## TASK TO CARRY OUT:
Don't include any picture when you restate the data word for word.

## AVAILABLE DATA:
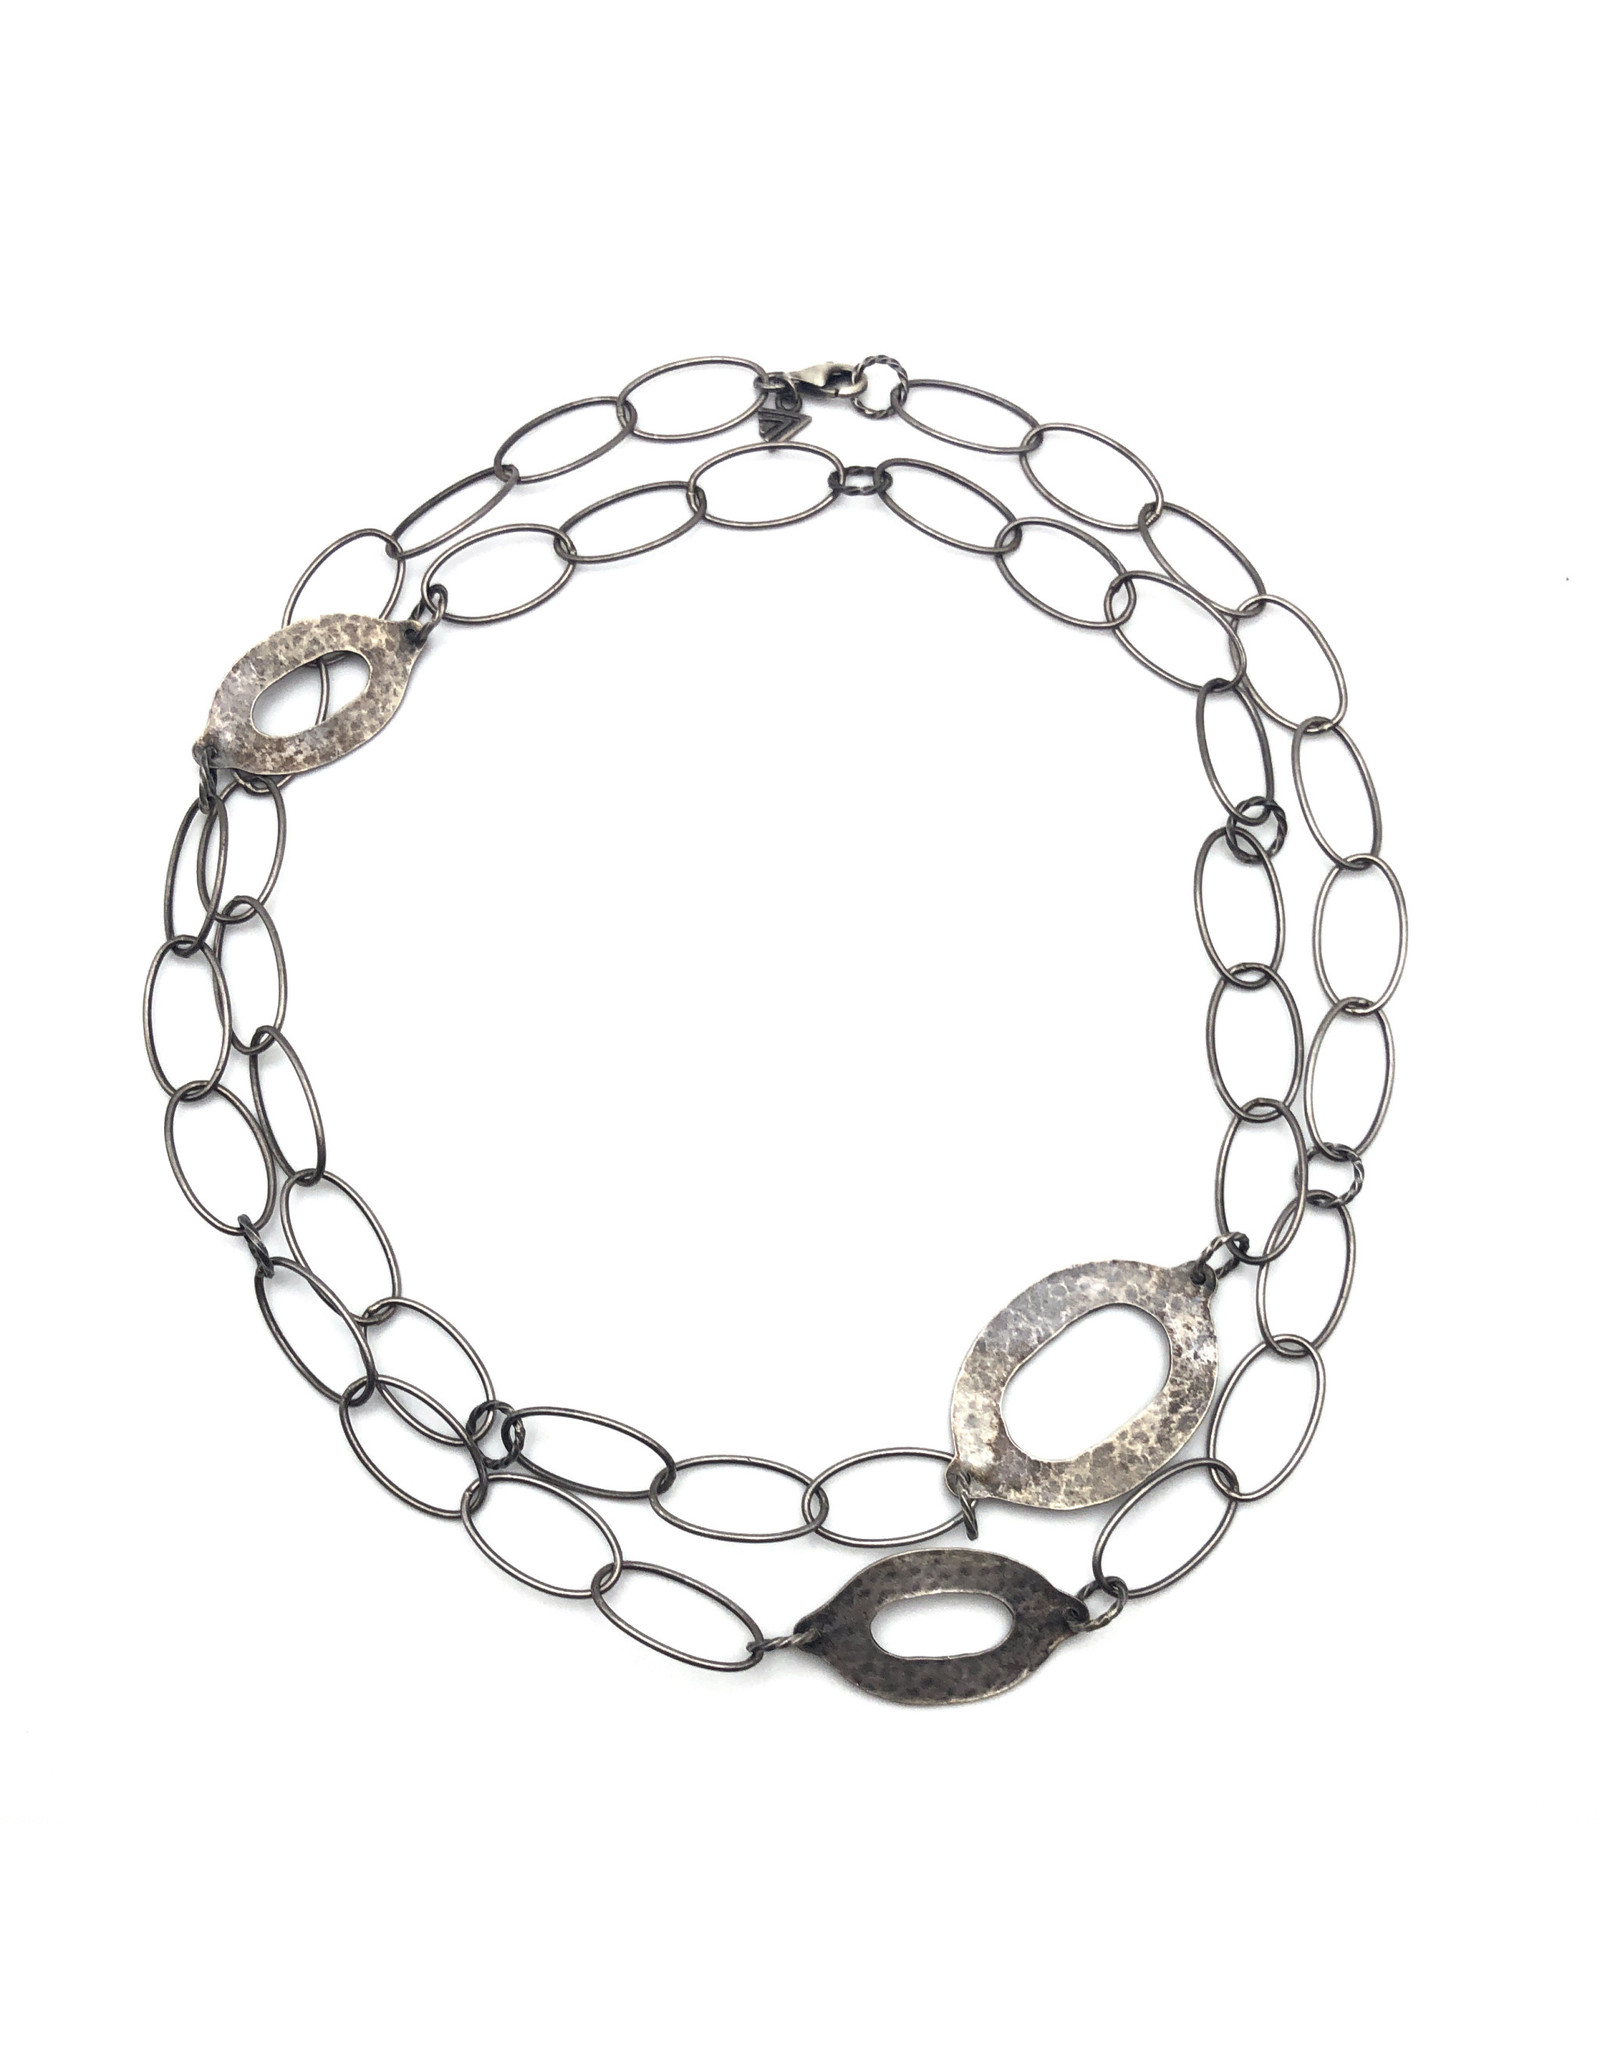 Antiqued Sterling Designer Necklace with Large Links
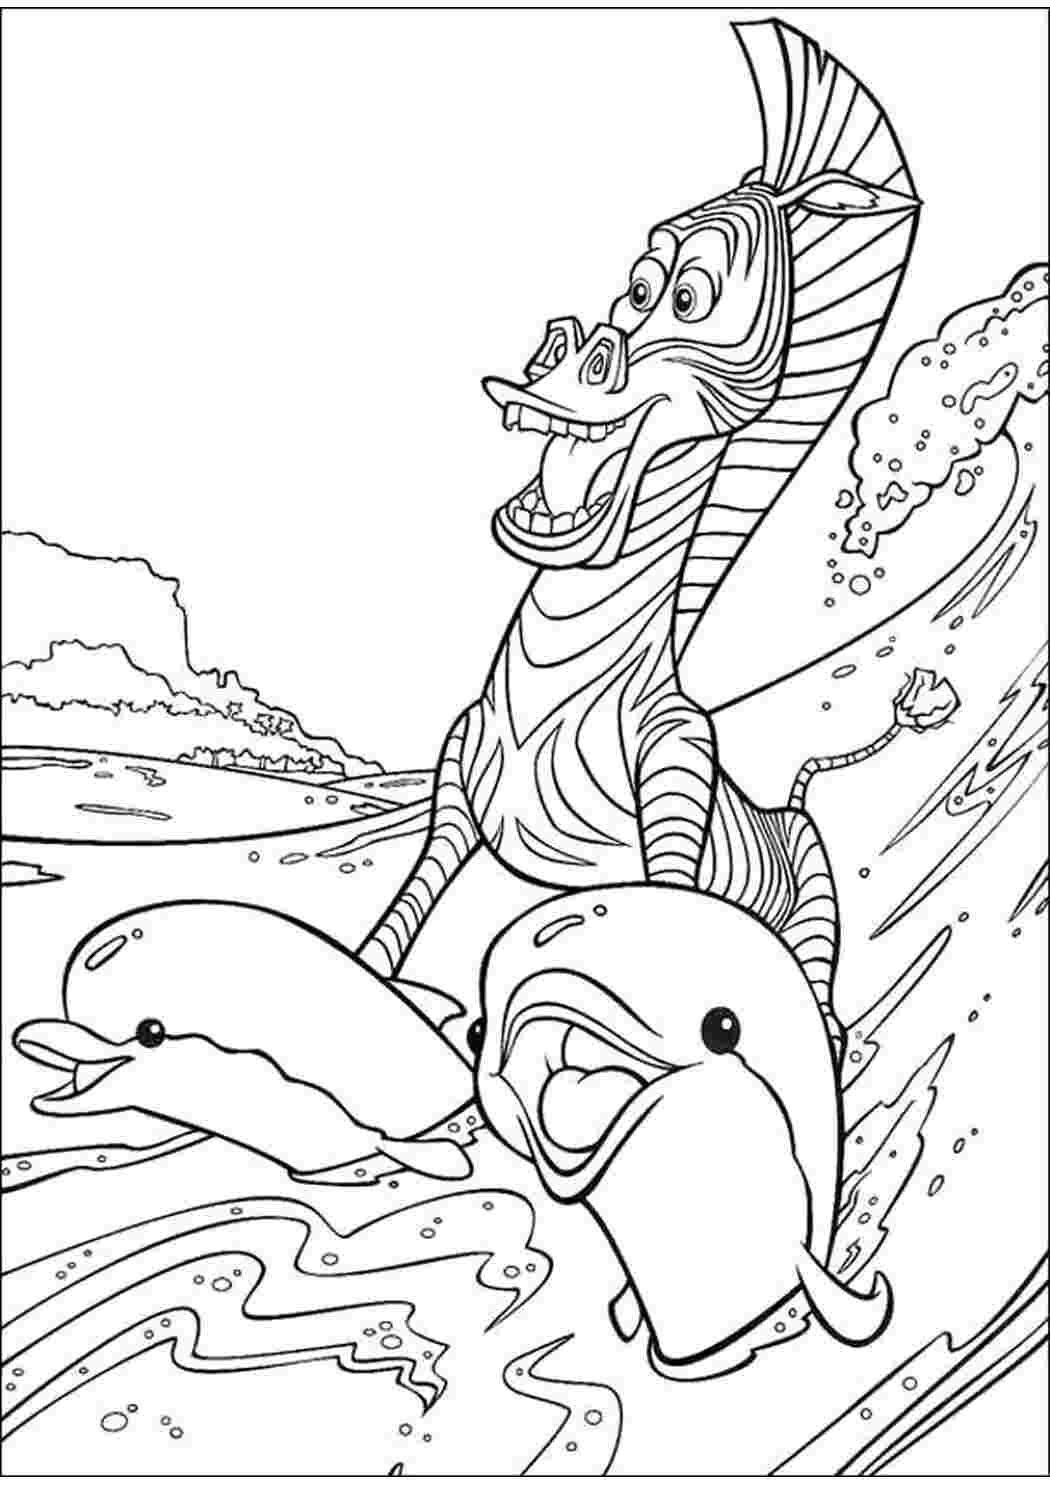 Раскраски Мультфильм Мадагаскар, зебра, дельфины, Зебра Марти катается на дельфинах  
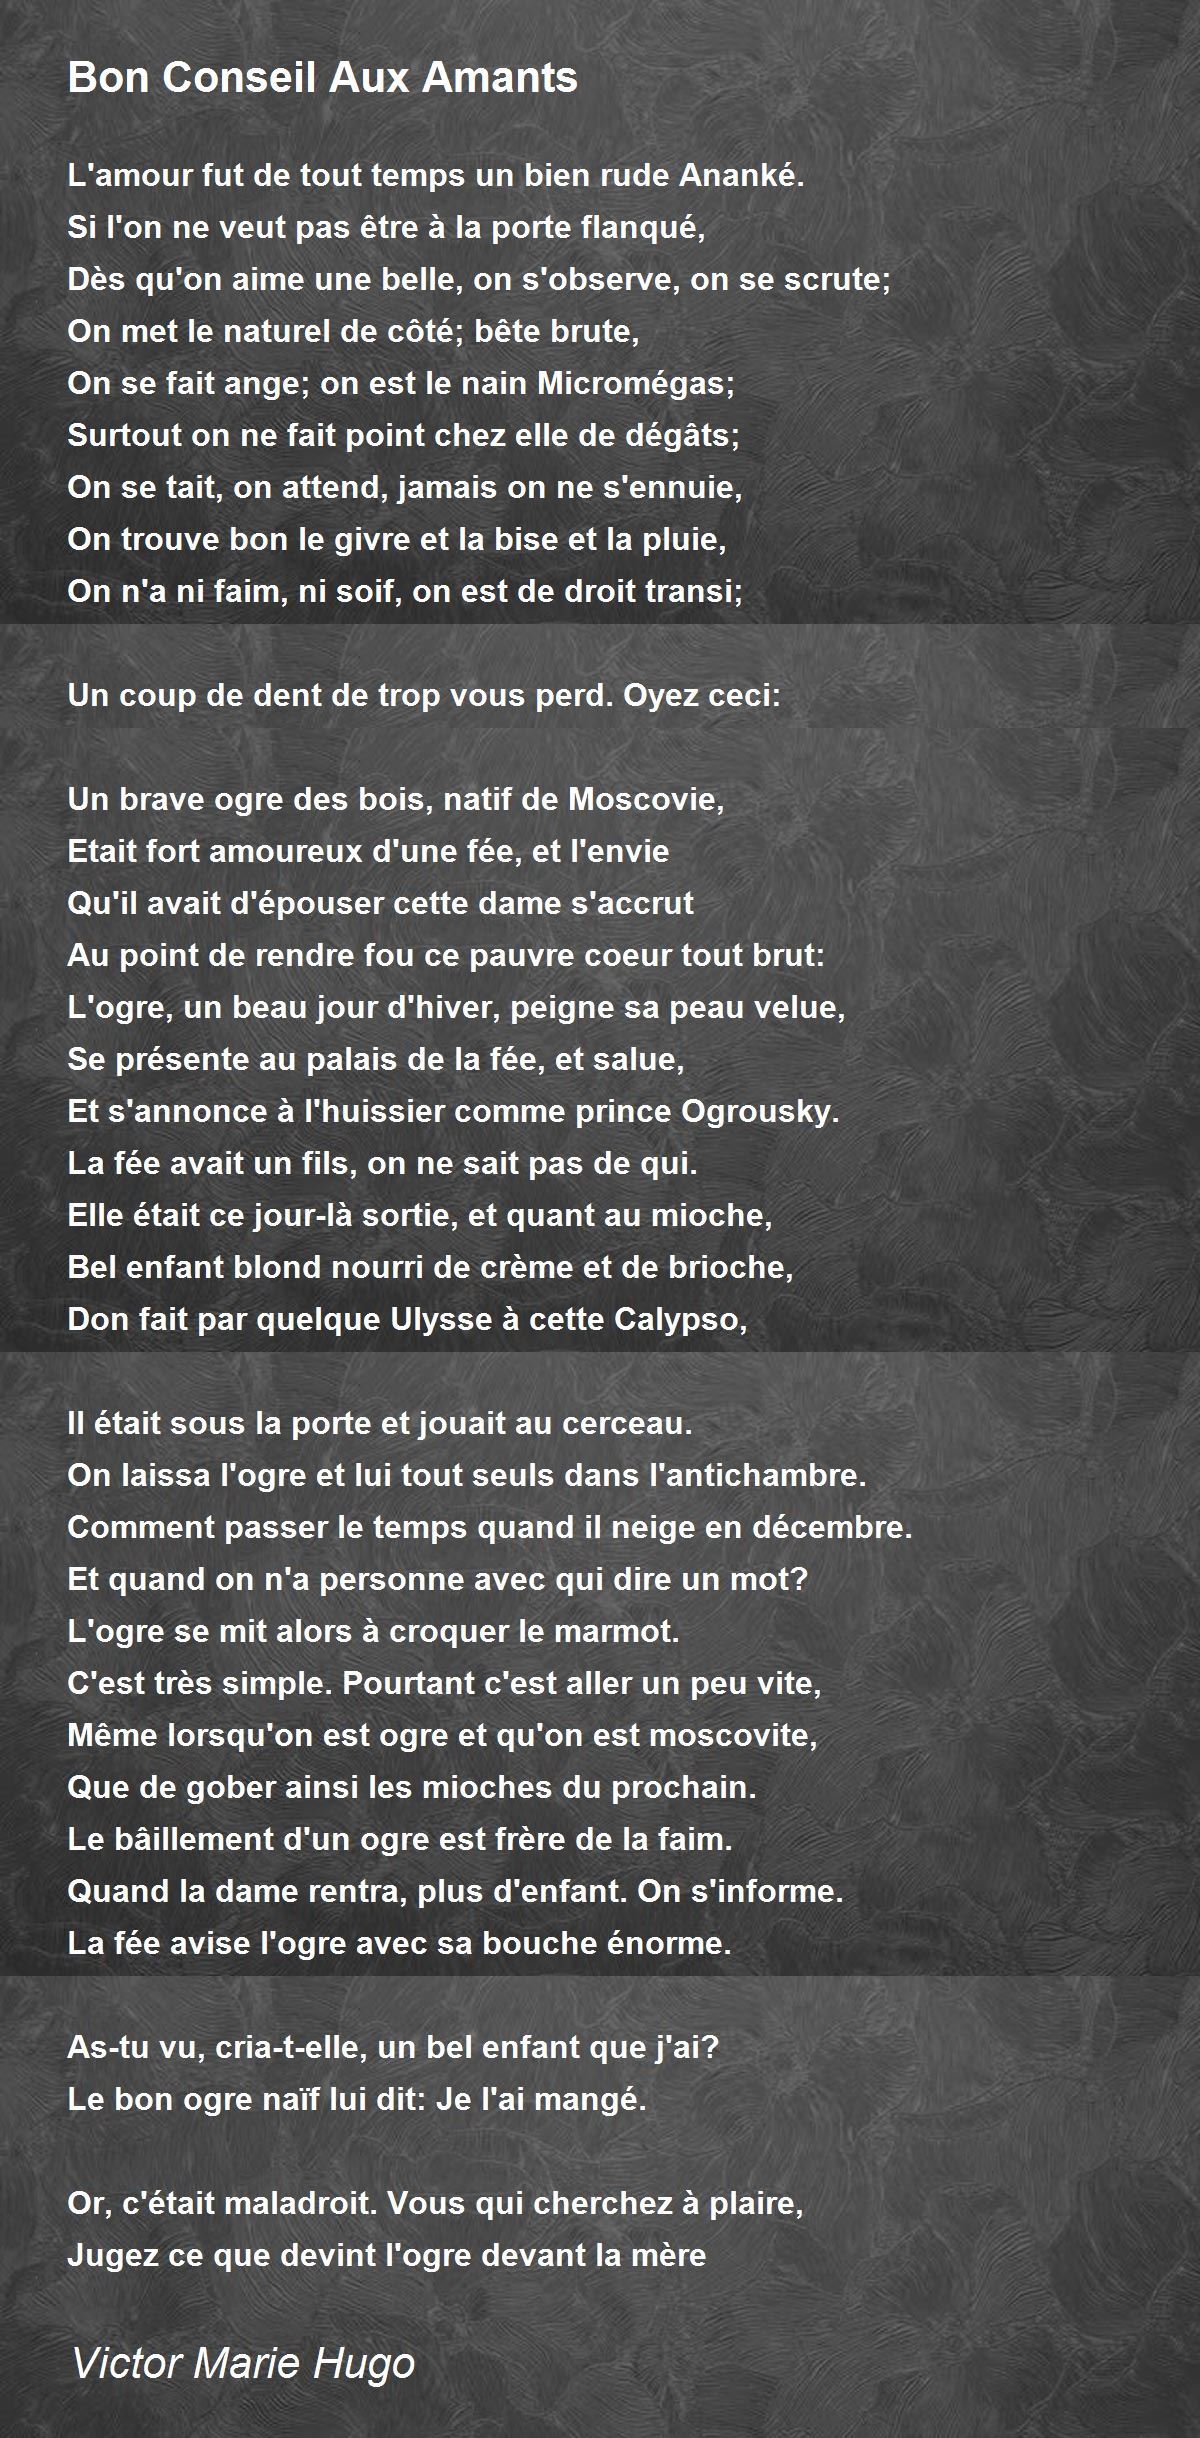 Bon Conseil Aux Amants Poem by Victor Marie Hugo - Poem Hunter Comments

## OUTPUT FOR THIS TASK:
 Antiqued Sterling Designer Necklace with Large Links
 Раскраски Мультфильм Мадагаскар, зебра, дельфины, Зебра Марти катается на дельфинах  
 Bon Conseil Aux Amants Poem by Victor Marie Hugo - Poem Hunter Comments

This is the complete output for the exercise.